Found a free article via the Google Machine:
The Method Behind Jay Bateman's Defensive Madness
ByGREG BARNES
Jul 16, 2019
CHAPEL HILL, N.C. – By the time North Carolina’s spring game kicked off in April, Mack Brown had seen enough of Jay Bateman’s defense to know that his rhetoric regarding attacking schemes was factual. That afternoon the public received a 64-play sampling of Bateman’s approach at Kenan Stadium, and while spring games are notoriously vanilla, there was seemingly constant pressure for the offense to navigate in the glorified scrimmage.
“Jay Bateman's defense blitzes every play,” Brown told reporters after the game. “There's somebody coming every play and you don't know who they are.”
Maybe it’s a matter of semantics, or possibly adherence to the decades-old football axiom that labels any non-lineman rush as a blitz, but Bateman disagrees. While the concept of a blitz-heavy scheme is often romanticized in the testosterone-fueled arena of college football, it also suggests a no-holds-barred carelessness that doesn’t match Bateman’s concepts.
His 2018 defense at Army led the nation in DB havoc rate (10.0), which is calculated by adding up the total number of tackles for loss, passes defensed and forced fumbles and dividing it by total plays, and ranked 18th in overall havoc rate (18.9), according to footballoutsiders.com. Yet in manufacturing that success Bateman blitzed six defenders just once in 688 plays defended last season.

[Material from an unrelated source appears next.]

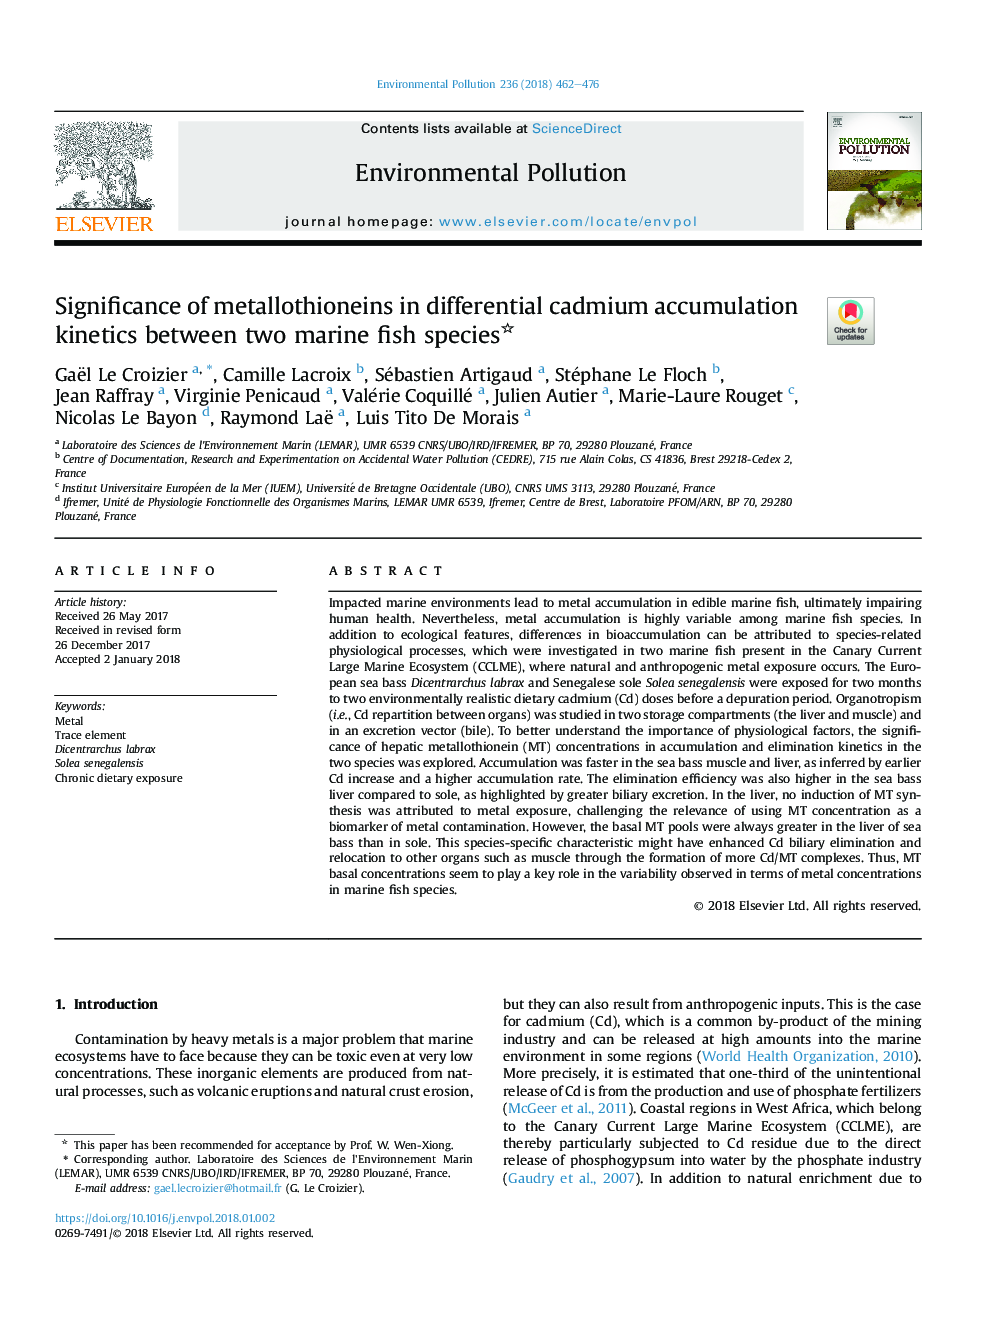 اهمیت فلوتونیئین در سینتیک تجمع کادمیوم بین دو گونه ماهی دریایی 
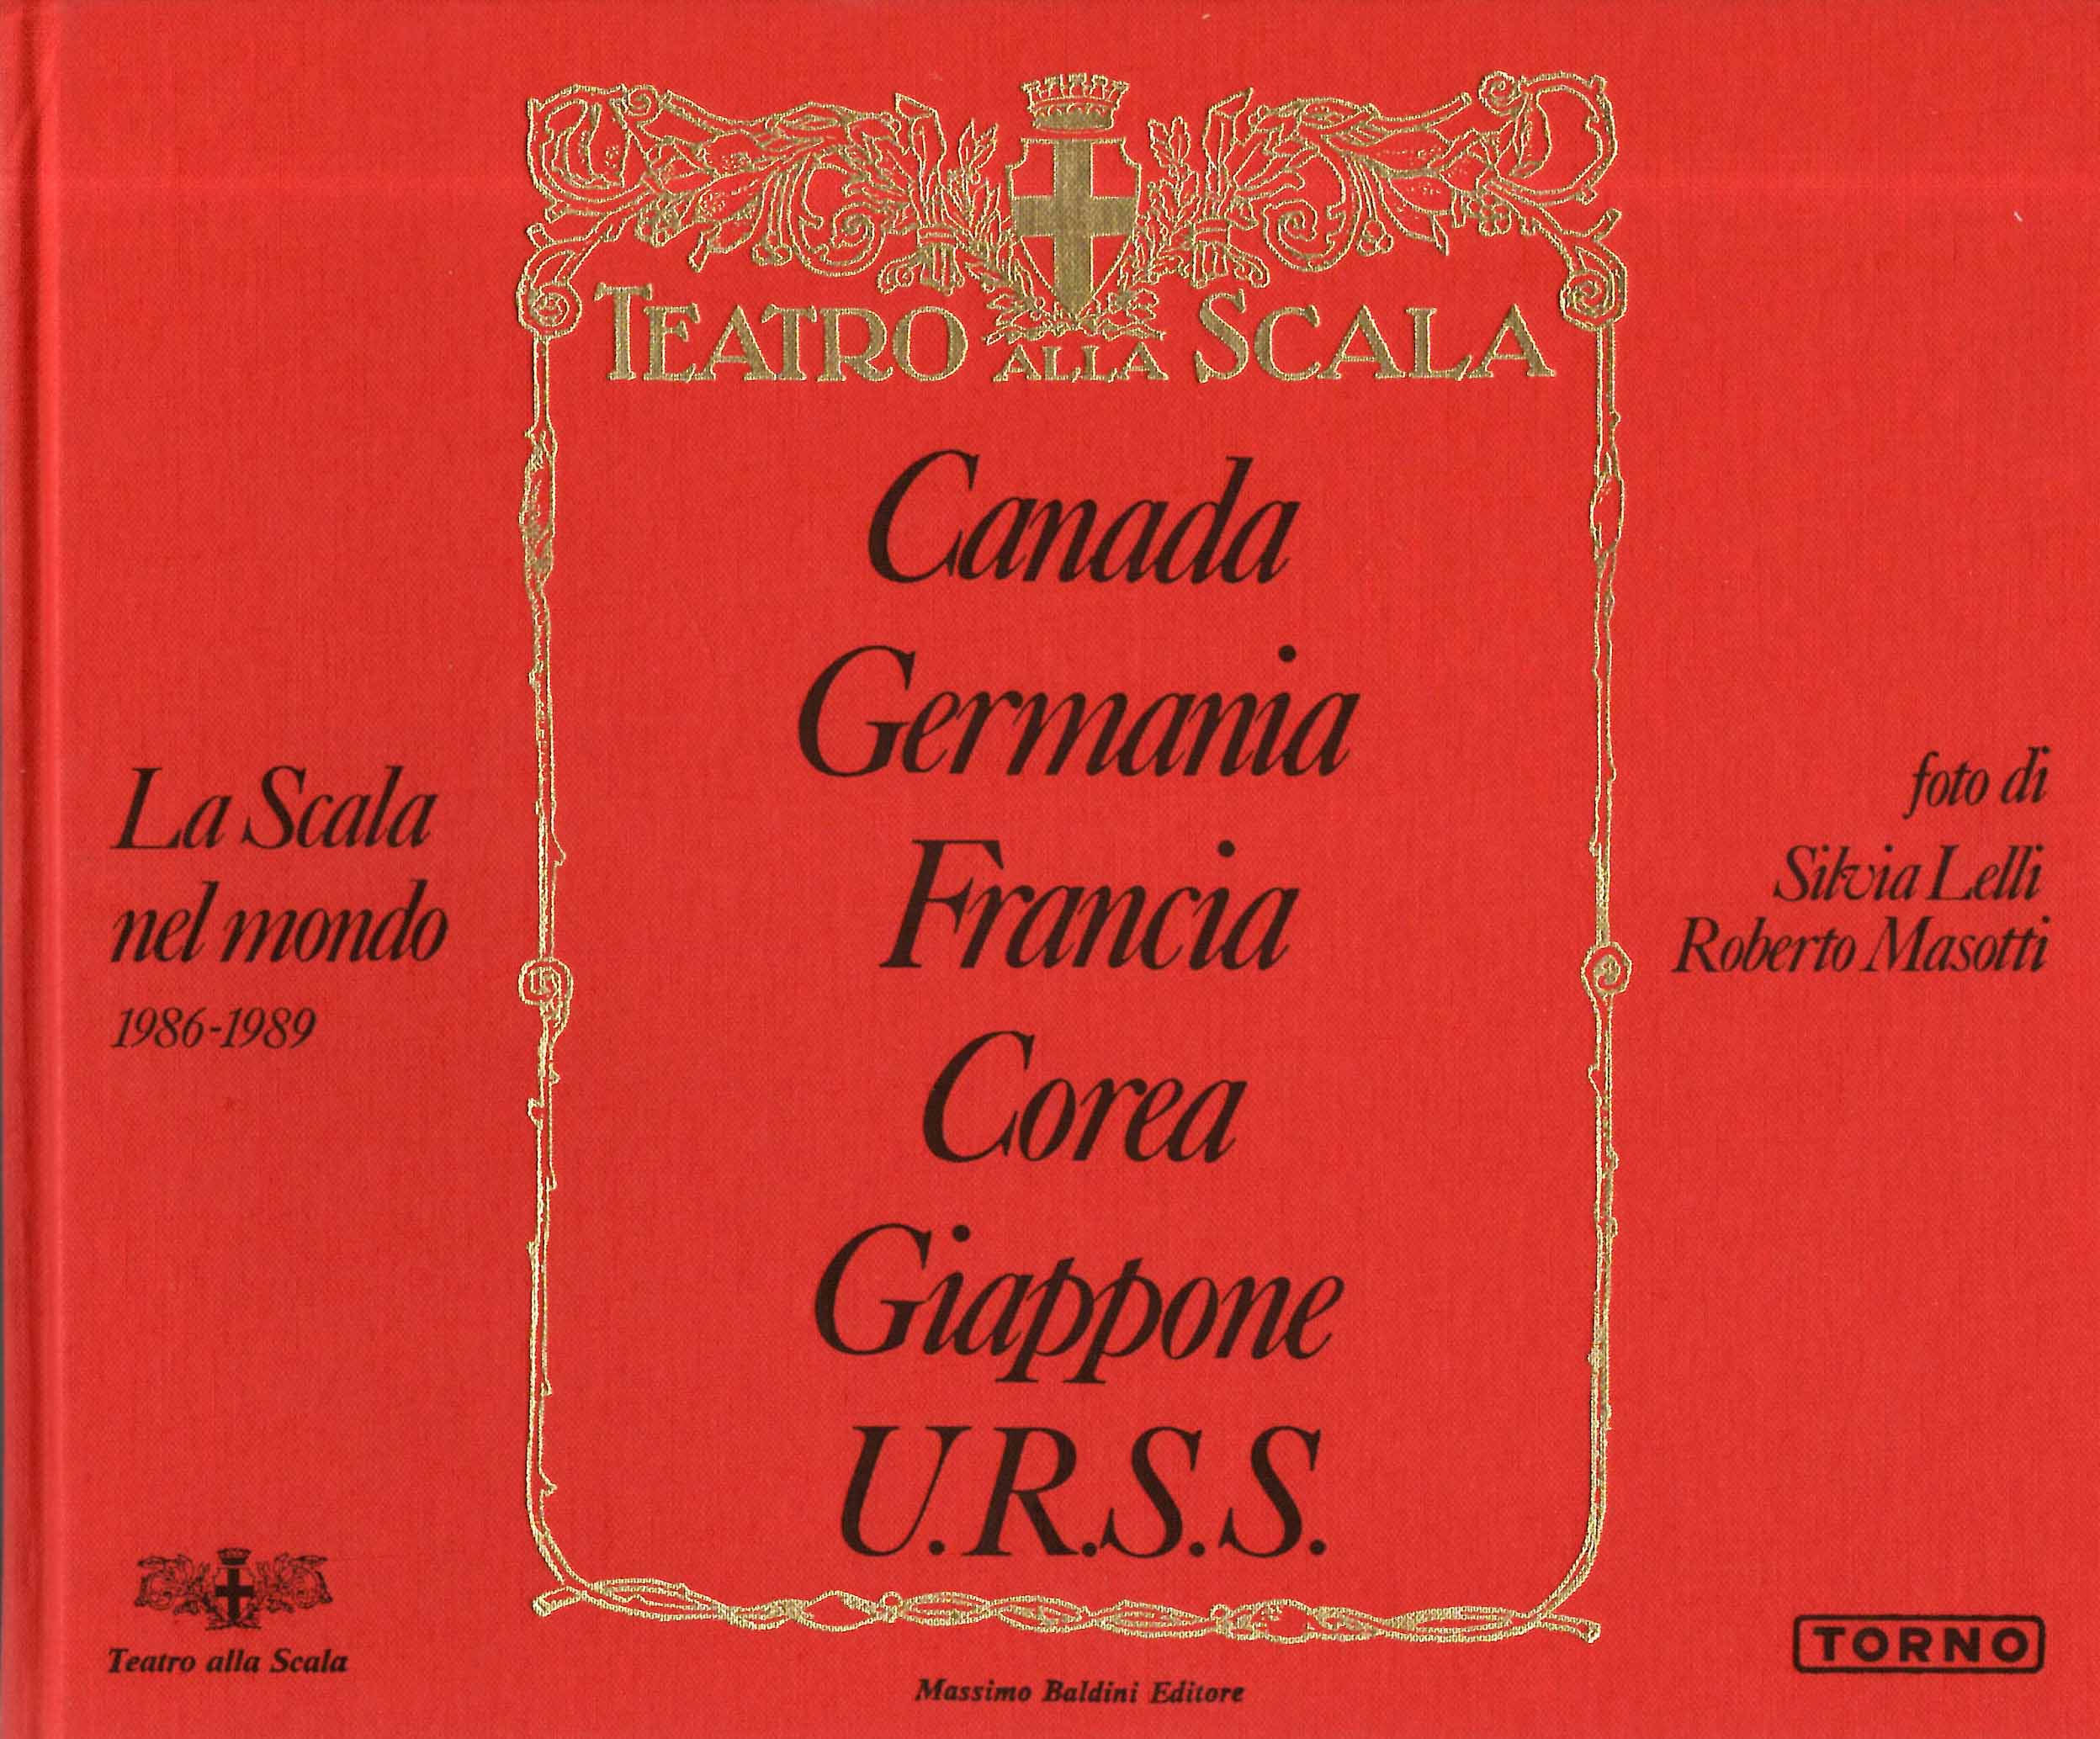 La Scala nel mondo 1986-1989. Canada Germania Francia Corea Giappone URSS

“It’s simple math - every time you add one more rusher, you take away from the coverage,” Bateman said. “So if you're rushing four and dropping seven, you can play all of the coverages known to man. If you rush five and drop six, well, now there's starting to be holes in the coverage. And then if you rush six, now there's major holes in the coverage …
“It's my job to try to find a way to bring the least amount of players and have the most in coverage and create the most havoc.”
Bateman, who turned 46 on Tuesday, has crafted his defense over 23 years and seven stops. His first coaching gig was at Hampden-Sydney as the program’s defensive coordinator at the age of 23. He’s been a defensive coordinator in all but one year since his start in 1997, thereby providing plenty of trials and errors. His coaching destinations have come at places not known as powerhouse football programs – stops such as Siena, Elon, Ball State and Army – which required creative defensive adjustments to counter superior opponents.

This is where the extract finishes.